Chez moi, il y avait des rideaux, des voiles de couleurs qui laissaient passer la lumière, c'était une fenêtre sur un arc-en-ciel, que j'avais fabriqué à partir de voiles différents de couleurs. Je visitais la cathédrale St-Étienne, et j'étais assez contemplative de ses vitraux et les lumières qui se diffusaient sur la pierre. Lorsque je retournais à l'atelier en faisant mes couleurs, en recherchant les pigments, toutes mes visites et rencontres m'inspiraient et ces raies de lumières colorées. J'étais allée visiter l'ancienne école, très belle, qui était un Musée et l'est toujours : Le Musée Adrien-Dubouché, un musée national français portant sur la porcelaine de Limoges et l'histoire de la céramique. Fondé en 1845 et situé à Limoges, il fait partie de l'établissement public Cité de la céramique - Sèvres & Limoges.  J'aimais beaucoup remarquer, que sur les grilles, étaient inscrites des mentions dont une : École et Musée. Ce Musée est juste en face de la prison de Limoges. Plus tard, une nouvelle cité judiciaire fut construite à côté, ouverte en 2016, qui regroupe le tribunal de grande instance, le tribunal d'instance et le tribunal de commerce, mais la construction ne vieillit pas forcément bien, selon nombre d'usagers. Il se trouve que je ne savais pas, en réalisant ma pièce et en enseignant et visitant l'ancienne école-Musée, en regardant cette prison en face, de l'un de ses balcons, que j'allais être convoquée par l'école, dans ce nouveau tribunal, certainement pour que je puisse en évaluer le traitement ainsi fait des professeurs. Mes recherches m'ont menées aussi au cimetière de Louyat. Un des techniciens m'avait recommandé de m'y rendre pour y voir des rébus d'assiettes de céramique sur les tombes, m'informant que c'était le plus grand cimetière du monde. Je n'avais pas de moyens de locomotion, je m'y suis rendue à pieds. Une heure après, je découvrais, effectivement un vaste cimetière, quelle drôle de ballade, me suis-je dis. Mais cela n'avait pas beaucoup à voir avec ce qui m'intéressait dans mon travail. Puis ce technicien m'a avoué qu'il n'y avait jamais mis les pieds. Mais finalement, c'était très intéressant, car mon histoire des cendres commençait à prendre conscience, de ce que descendre signifiait.
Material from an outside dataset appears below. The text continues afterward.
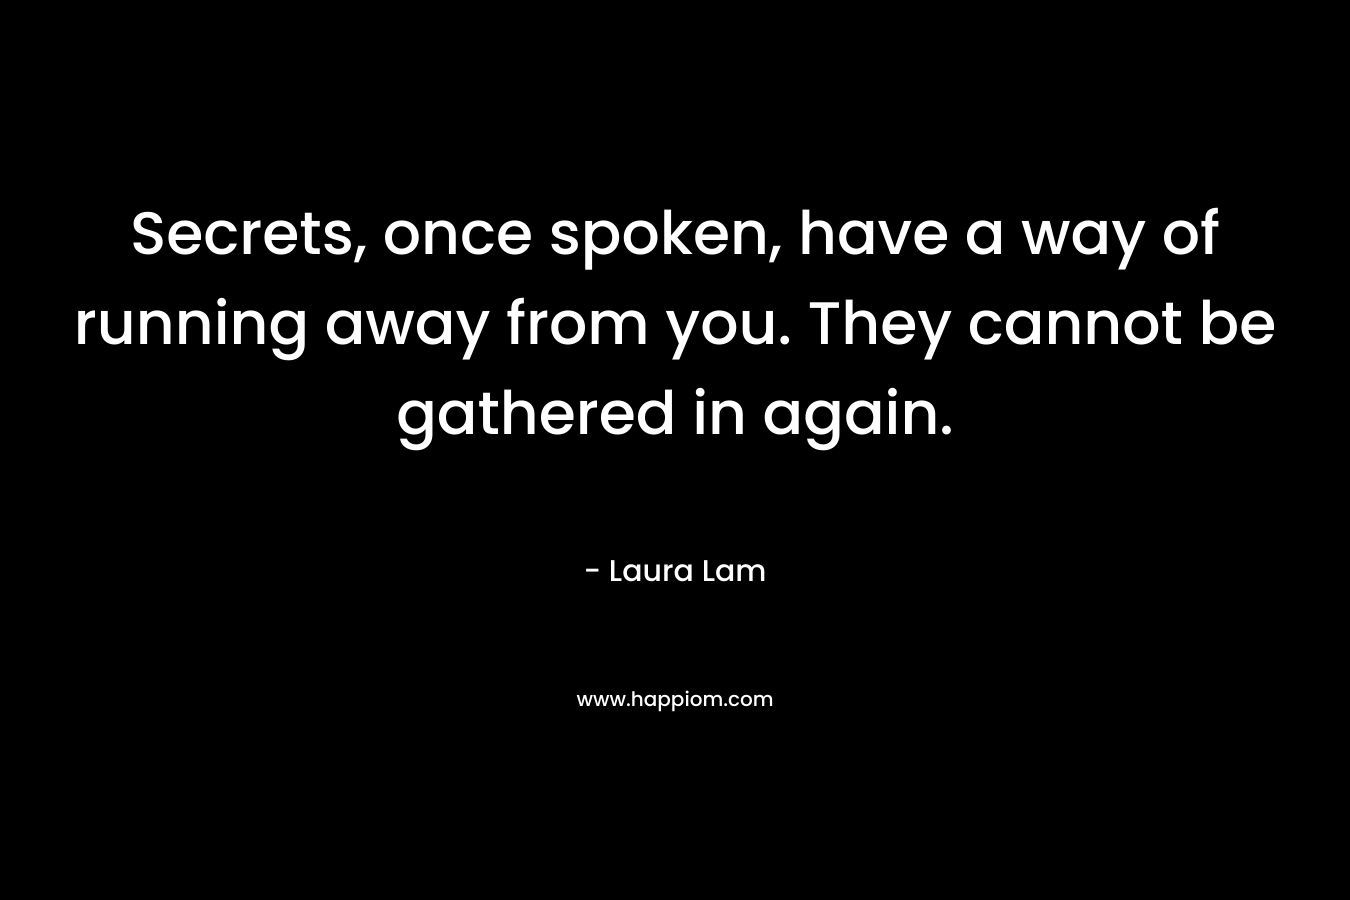 Secrets, once spoken, have a way of running away from you. They cannot be gathered in again. – Laura Lam

La poudre des pigments pouvaient être toxique, tout pouvait être toxique, il me fallait interroger tous les usages et les métaux, le plomb, d'usage. Les produits qui étaient utilisés étaient tous toxiques, le masque était obligatoire, car les ventilation de l'atelier, défaillantes. La poussière était partout. Déjà trouver des pigments sans plomb. Tout mon parcours, à la recherche de matériaux était un parcours de chercheure, mais je ne pouvais pas vraiment m'opposer aux us et coutumes, il y avait une tradition, il me fallait trouver un juste milieu. C'est comme les artistes professeures dans les écoles d'art, elles ne sont pas historiquement installées et ne bénéficient d'aucune transmission dans l'histoire qui leurs permettent d'être légitimes, ou soutenues. Rien, le mythe de Sisyphe, reste à bien étudier, pour monter et descendre.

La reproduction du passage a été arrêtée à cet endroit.